> [Dataset excerpts]
#####

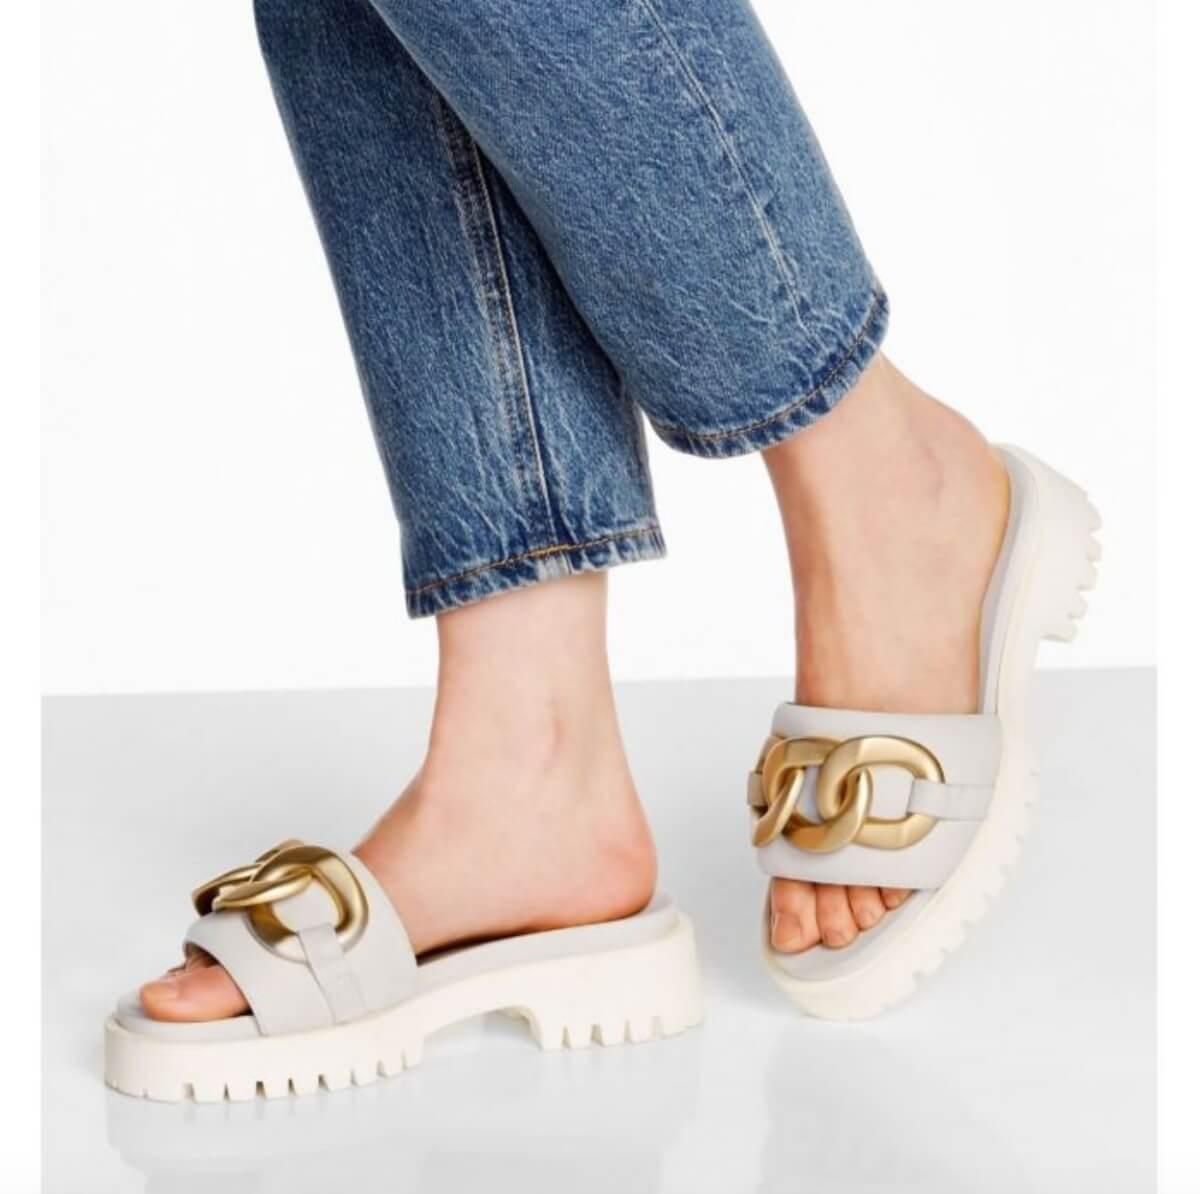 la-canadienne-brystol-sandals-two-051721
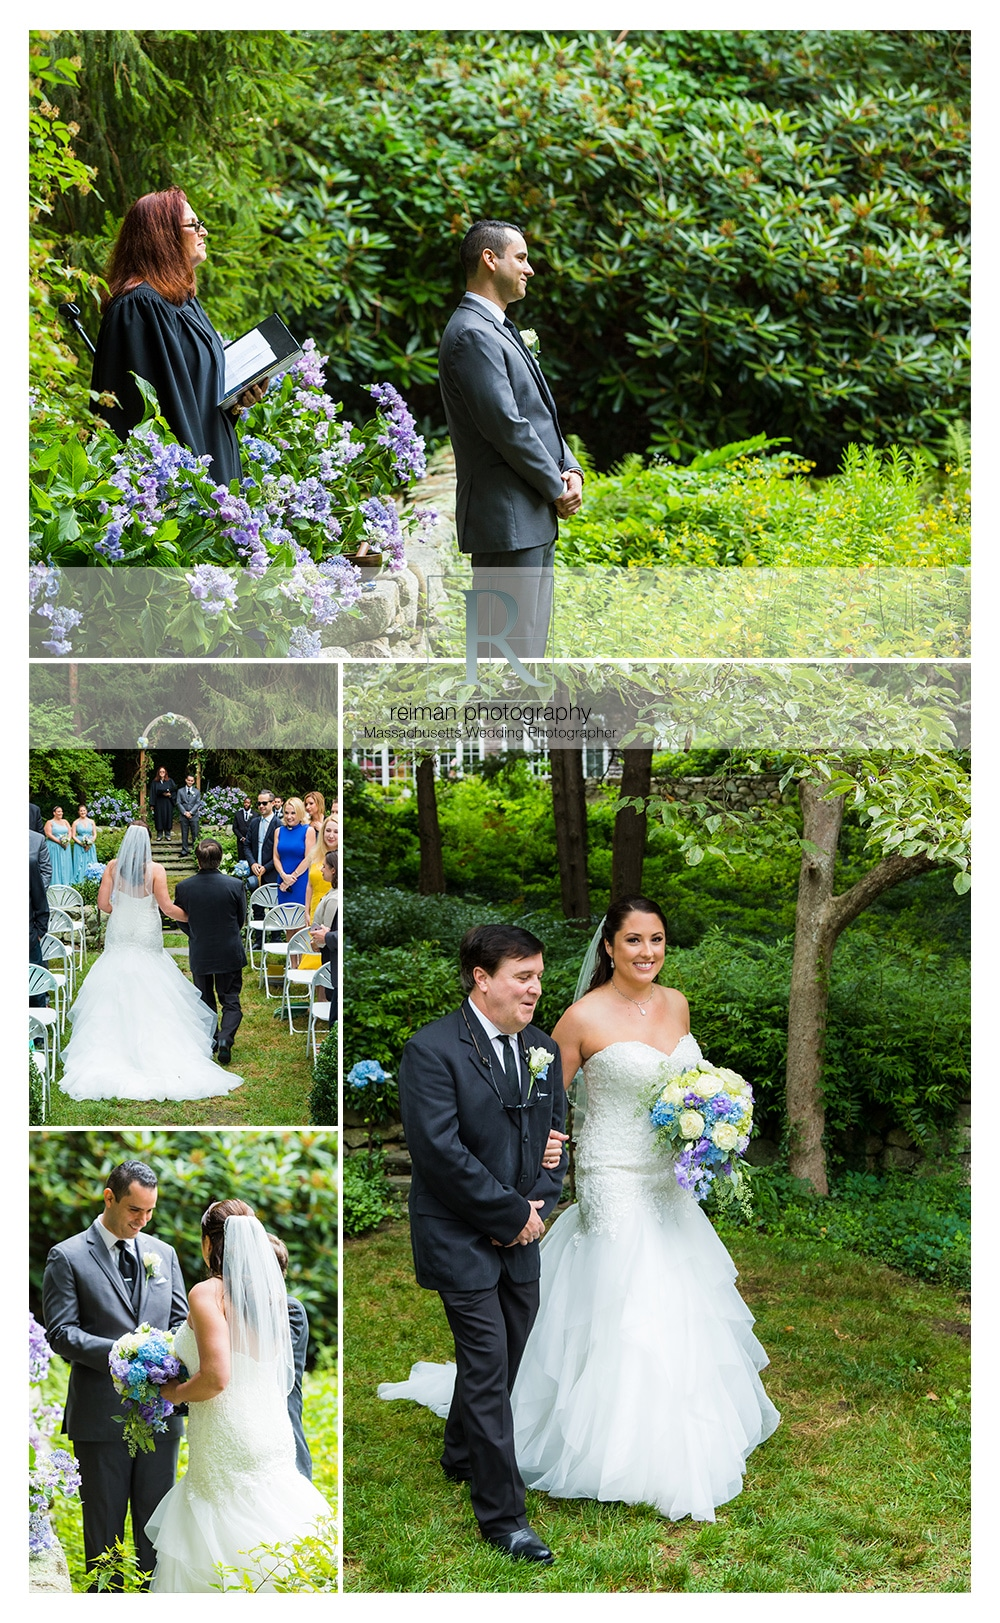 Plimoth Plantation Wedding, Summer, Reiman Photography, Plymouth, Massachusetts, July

#####

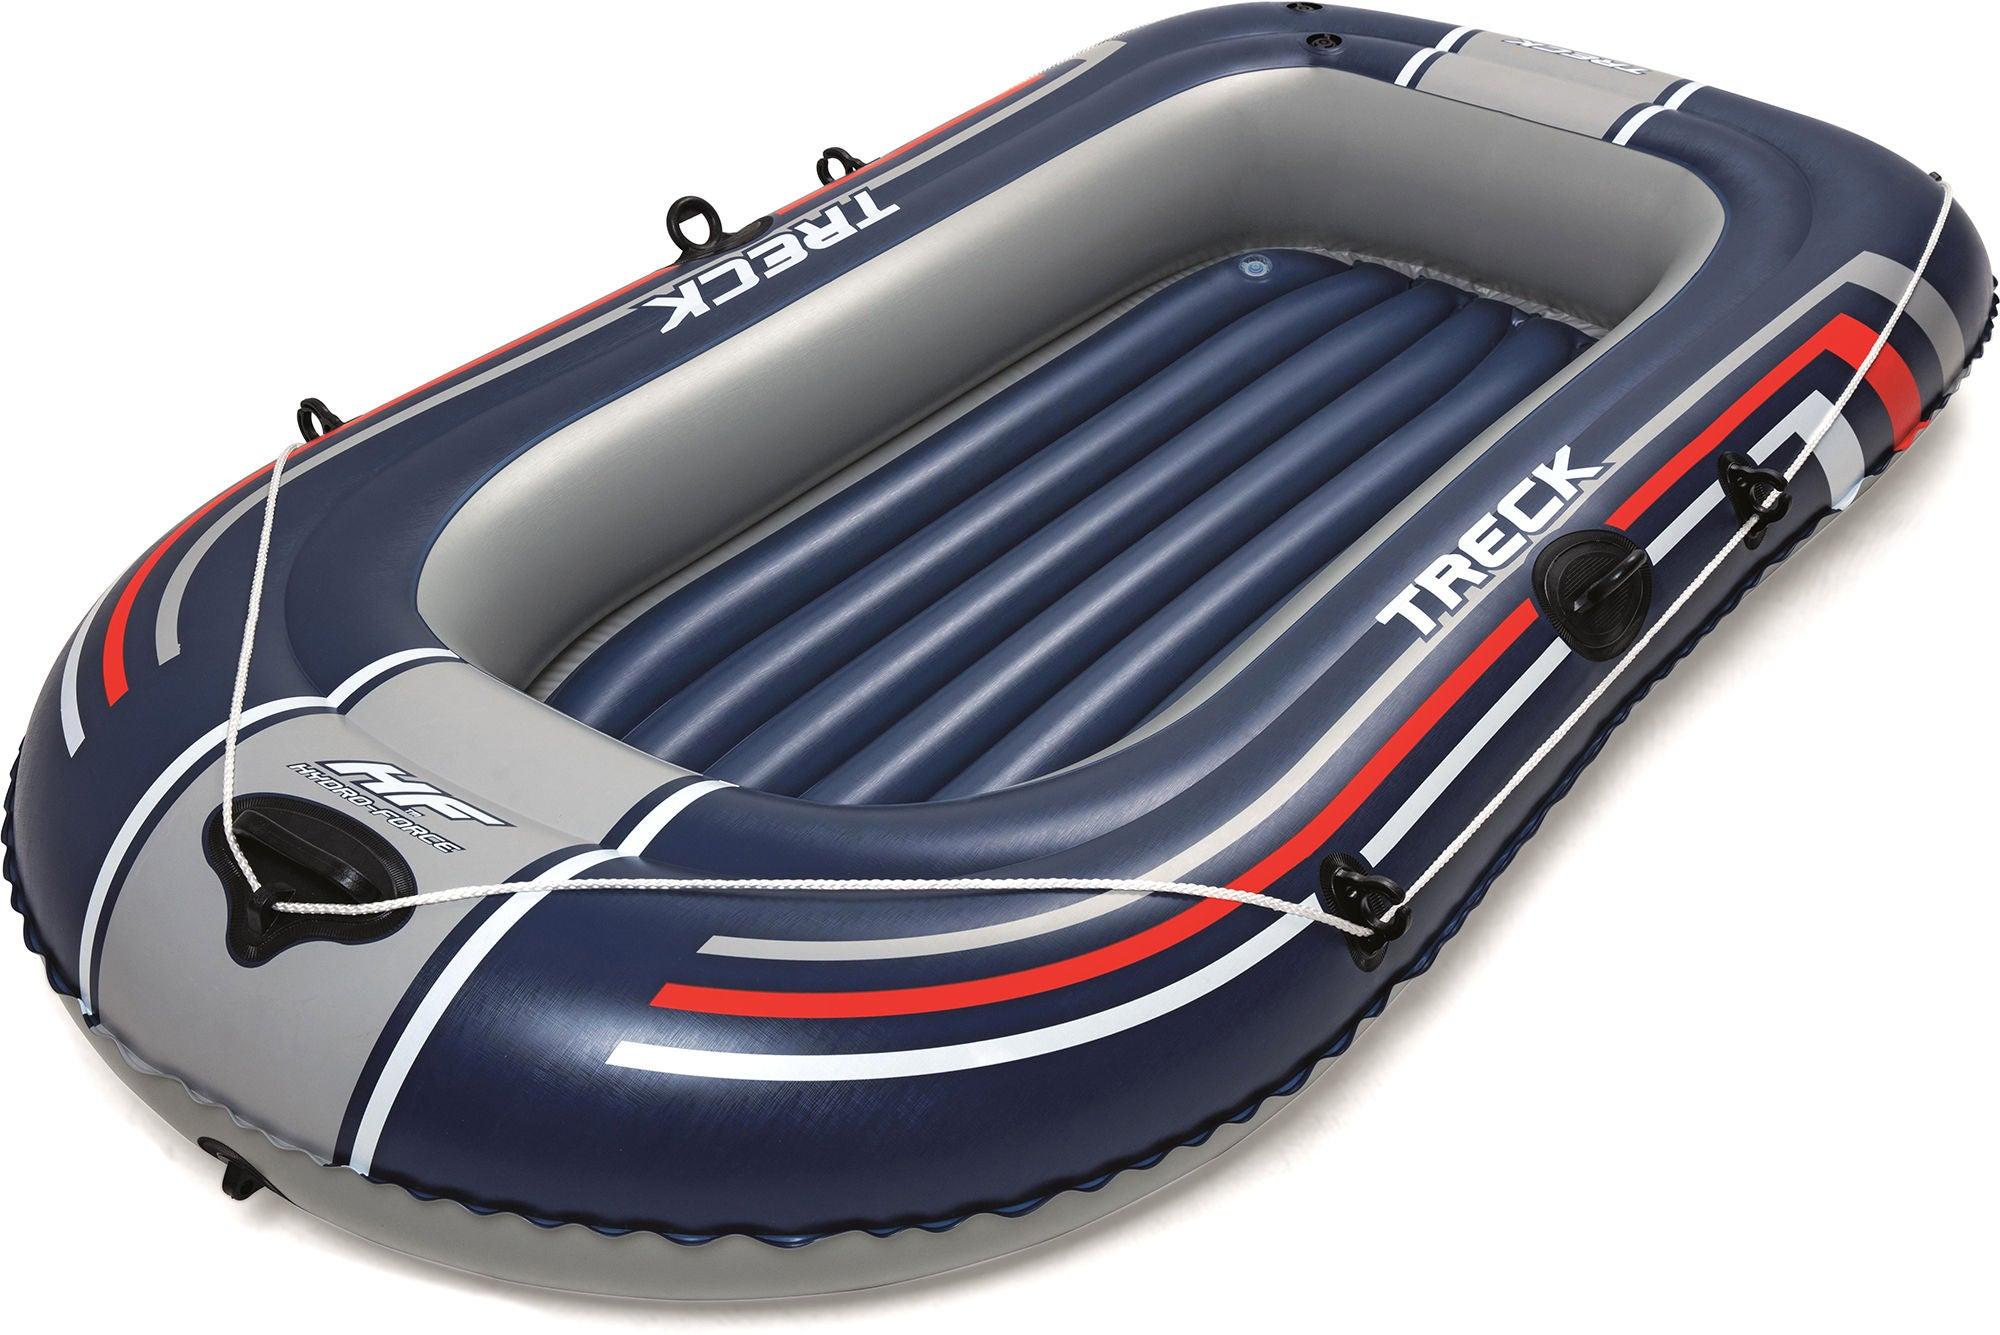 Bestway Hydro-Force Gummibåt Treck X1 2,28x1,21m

#####

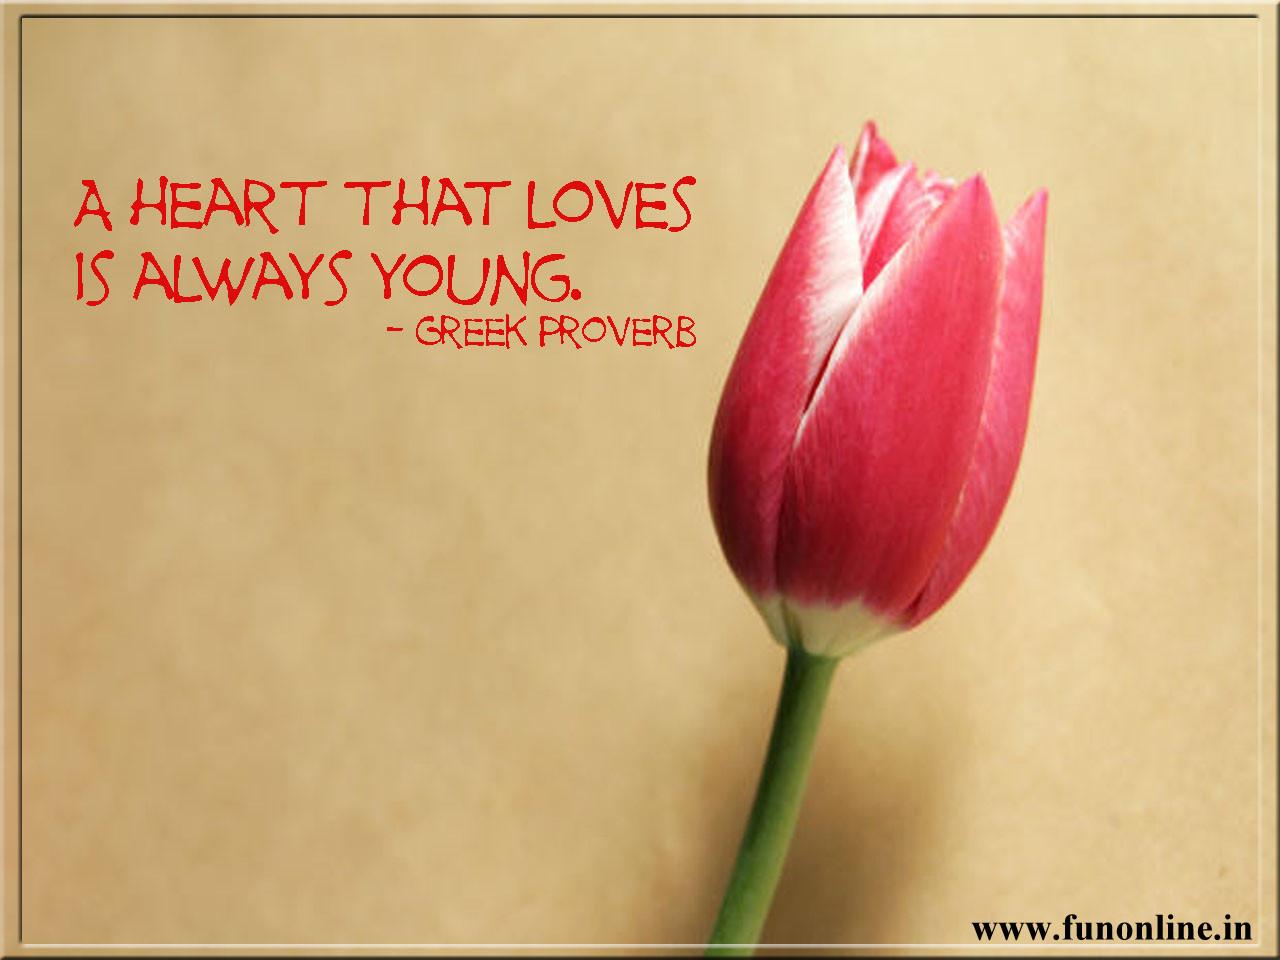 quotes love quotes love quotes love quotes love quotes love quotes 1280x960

#####

> [Brief] Output exactly, and only, the lines of the entries above from the one with "la-canadienne-brystol-sandals-two-051721" up to and including the one with "Plimoth Plantation Wedding, Summer, Reiman"; pictures are to be left out.

> [Expected output]
 la-canadienne-brystol-sandals-two-051721
 Plimoth Plantation Wedding, Summer, Reiman Photography, Plymouth, Massachusetts, July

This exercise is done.